■ Data provided ■
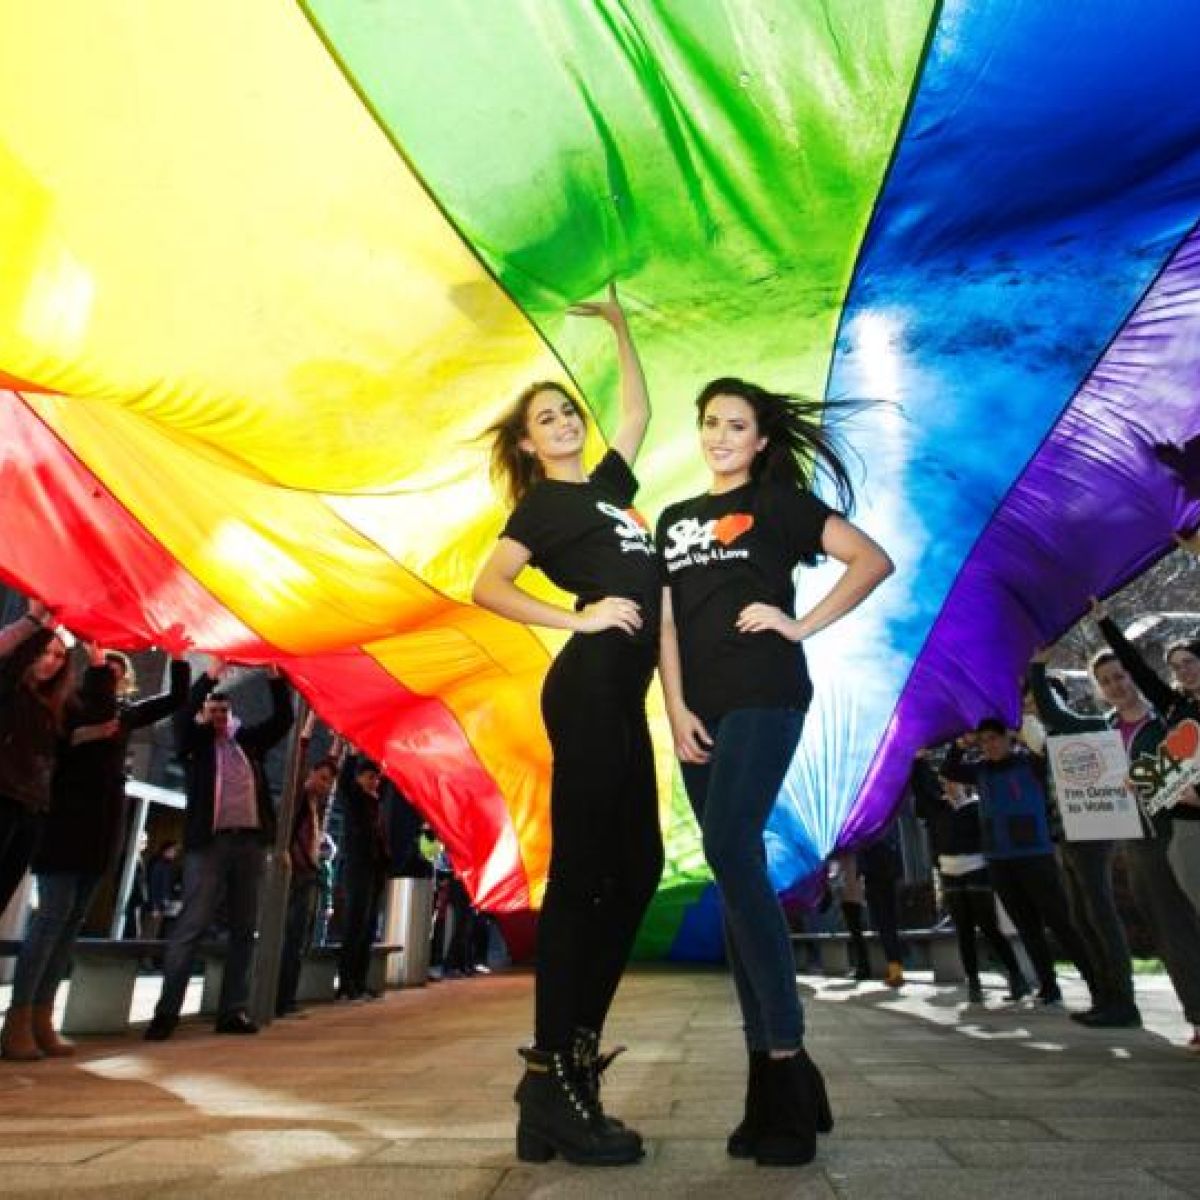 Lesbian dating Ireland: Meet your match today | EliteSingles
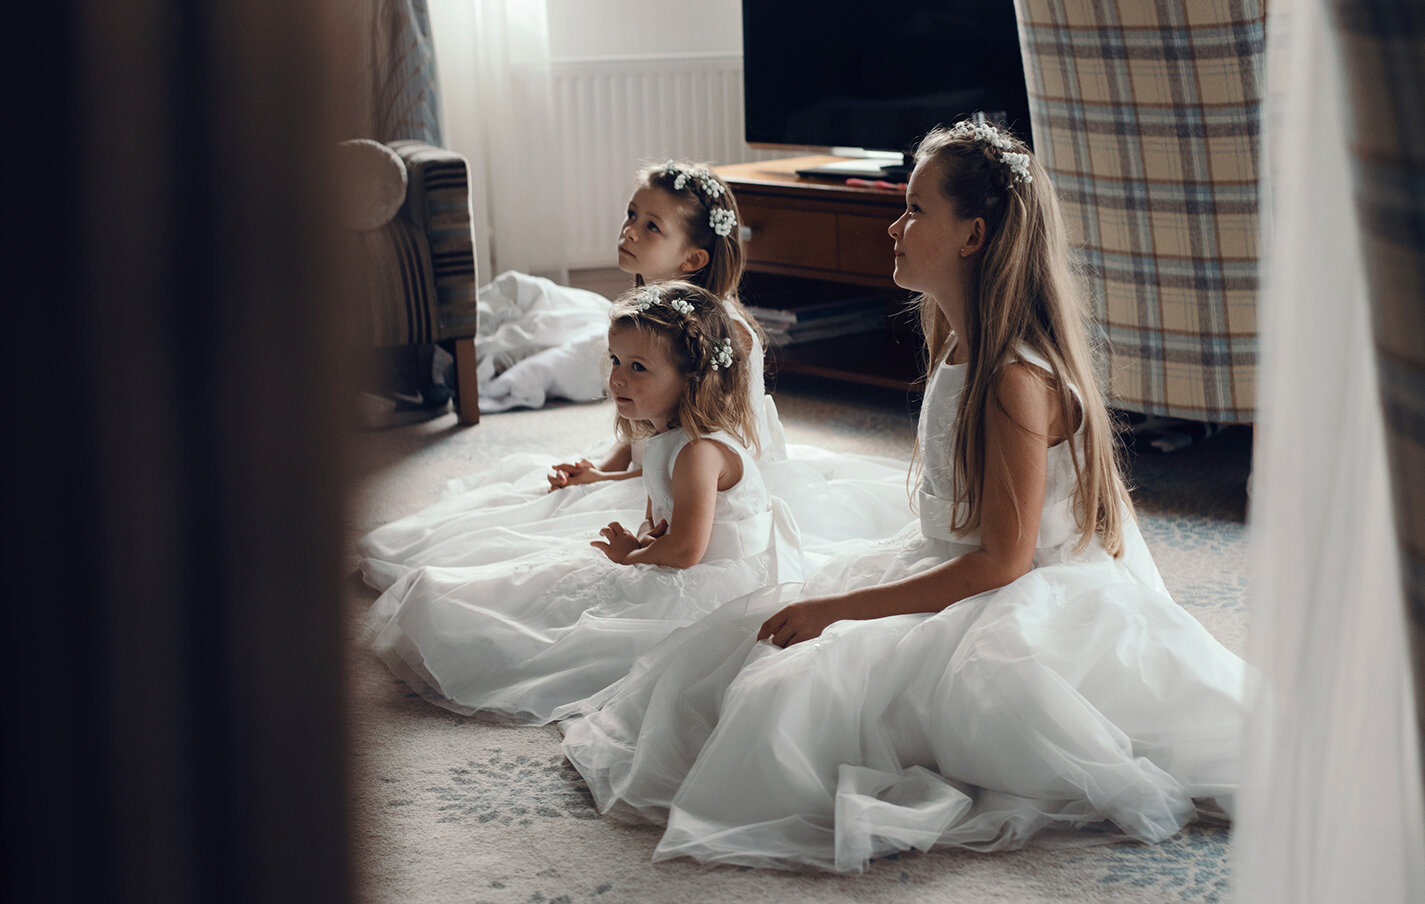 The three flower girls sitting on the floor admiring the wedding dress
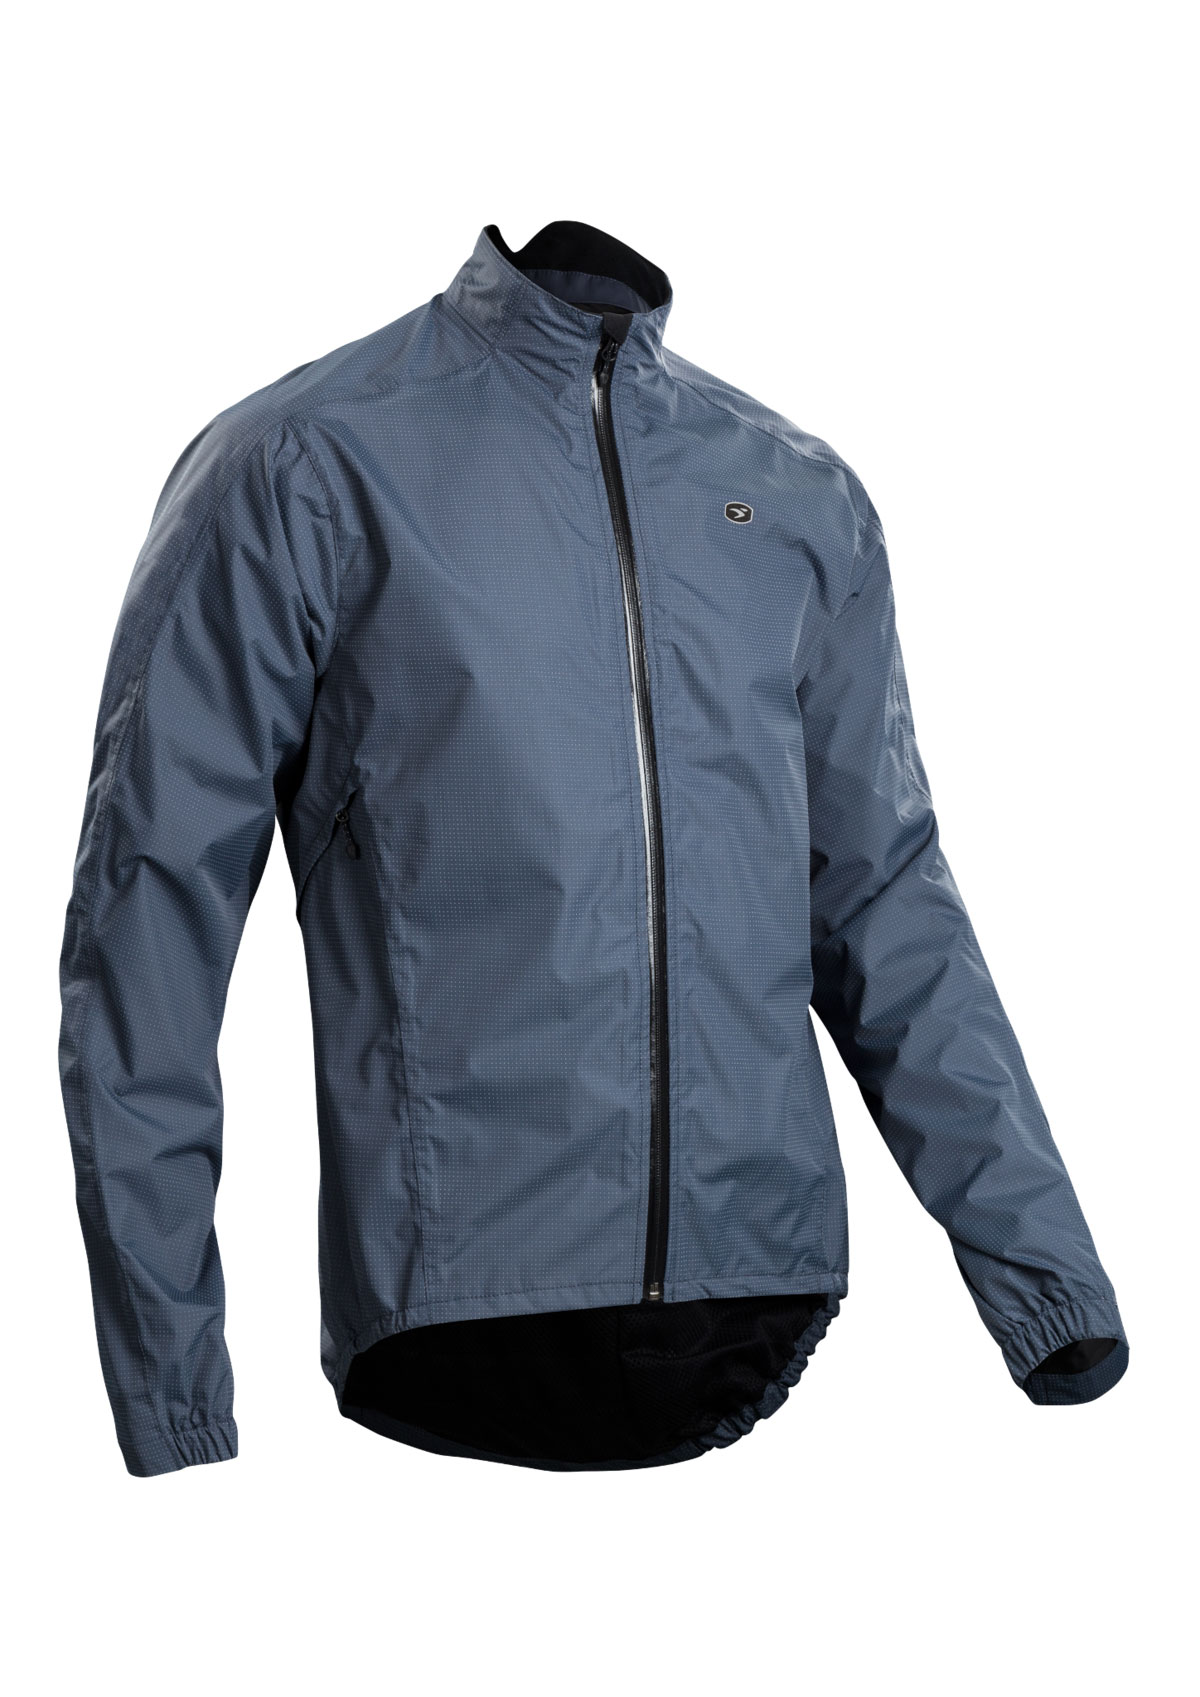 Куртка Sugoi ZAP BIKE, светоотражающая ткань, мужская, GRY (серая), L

■ Task statement ■
Every line of the material must be returned verbatim, and pictures must be left behind.

■ Solution ■
 Lesbian dating Ireland: Meet your match today | EliteSingles
 The three flower girls sitting on the floor admiring the wedding dress
 Куртка Sugoi ZAP BIKE, светоотражающая ткань, мужская, GRY (серая), L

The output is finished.